Данглар поднял глаза к желтому потолку и решил смотреть только туда. Перед этим он мельком заглянул в глаза Адамбергу и увидел там блеск, который бил прямо в цель и от которого нельзя было уклониться. Такой блеск появлялся в глазах Адамберга очень редко, в минуты сильного гнева, внезапно вспыхнувшего интереса или когда его осеняла какая-нибудь идея.

— А вот Вейренк заметил, что там прошел поезд, — продолжал Адамберг.

Да, он был рассержен, глубоко разочарован и расстроен. Он хотел, чтобы Данглар понял и признал свою ошибку. «Он шел туда один, таил он в сердце яд…»

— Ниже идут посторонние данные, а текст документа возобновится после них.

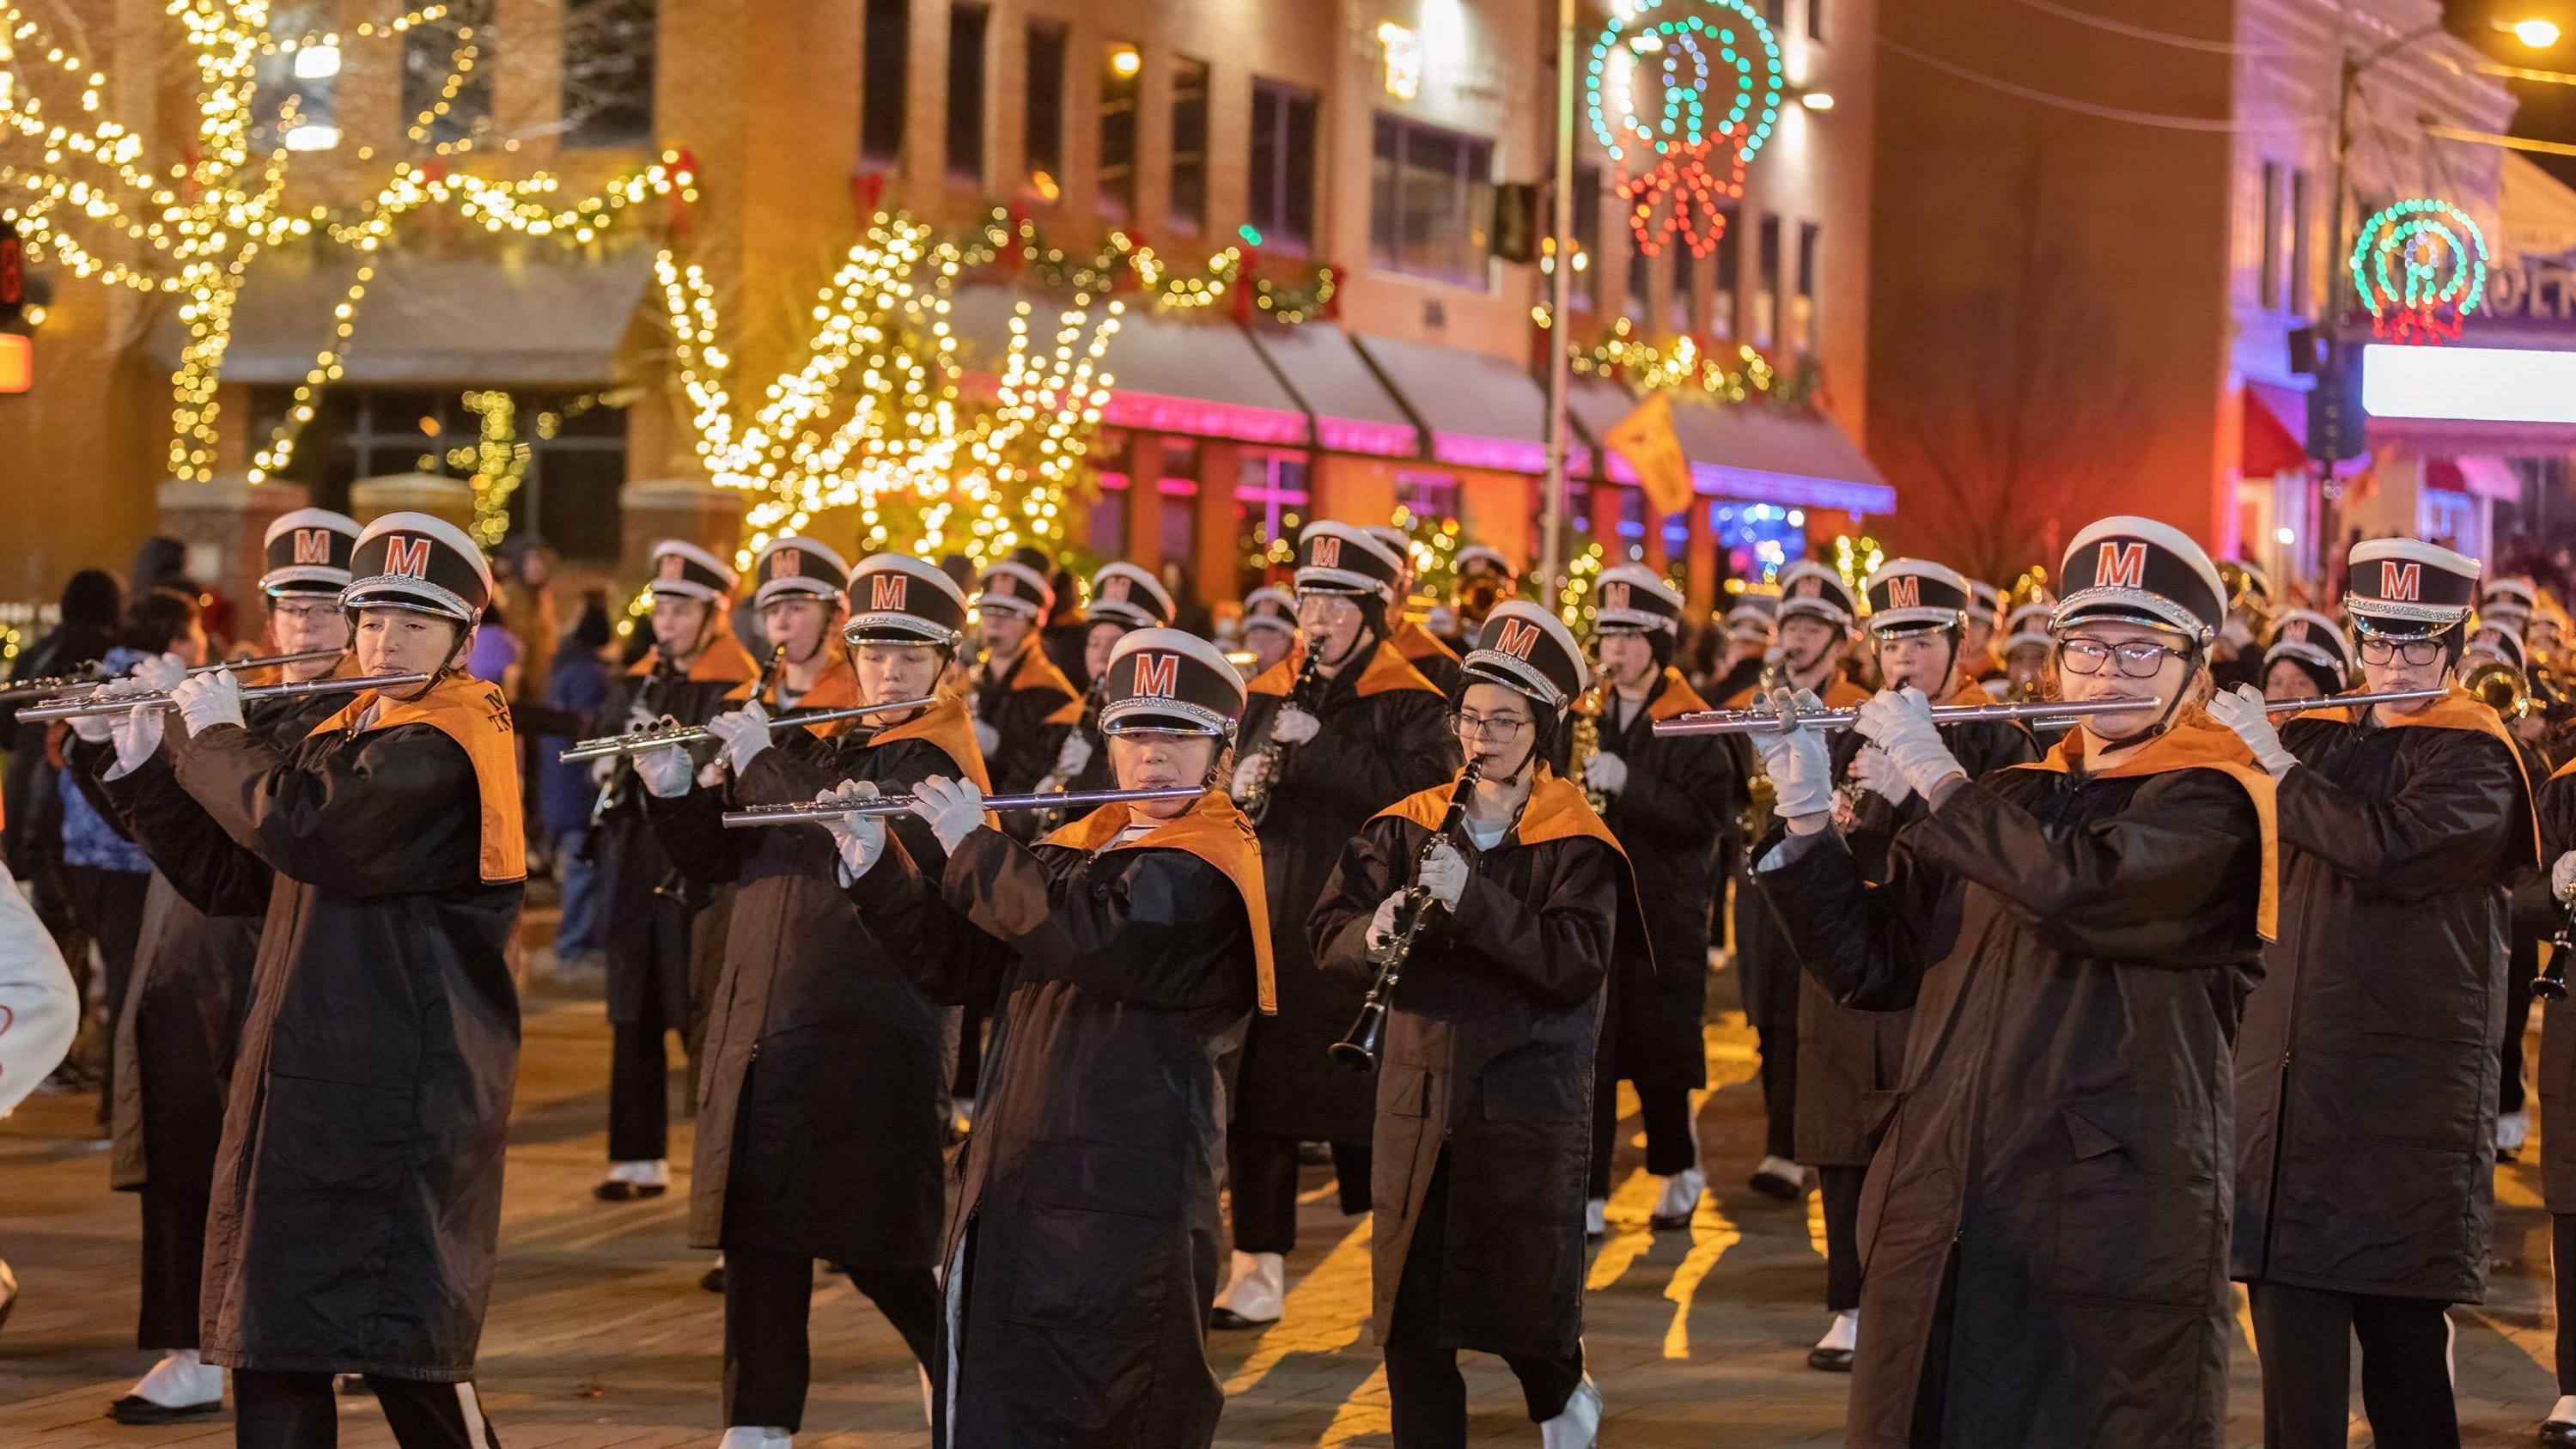 Massillon kicks off holiday season with Christmas parade

— Как он? — тихо, едва разжимая зубы, спросил Данглар.

— Спит. Восстанавливает силы. Я удивлюсь, если в волосах у него не добавится рыжих прядей. Или, скорее, седых.

— Как он догадался?

— Я тоже догадался. Вы никудышный конспиратор, майор. За ужином вас прямо распирало от гордости. Кто угодно понял бы, что вы составили какой-то хитроумный секретный план, это было написано у вас на лице, сквозило в каждом движении.

— Почему он не лег спать?

— Потому что задумался. И пришел к правильному выводу: если некий замысел возбудил вас настолько, что вы решились действовать в одиночку, значит этот замысел наверняка направлен против него. Например, речь могла идти о получении новой информации. Но вы упустили из виду, Данглар, что информатор, желающий остаться неизвестным, никогда не просит о личной встрече, он все сообщает в письме. Даже Эсталер учуял бы тут ловушку. А вы не учуяли. Хорошо хоть Вейренк оказался на высоте. Он рассудил, что при расследовании особо тяжких преступлений нельзя идти на встречу одному. Если, конечно, человек не жаждет славы до такой степени, что забывает об опасности. Вы ведь получили записку, верно, Данглар? Вам назначили встречу?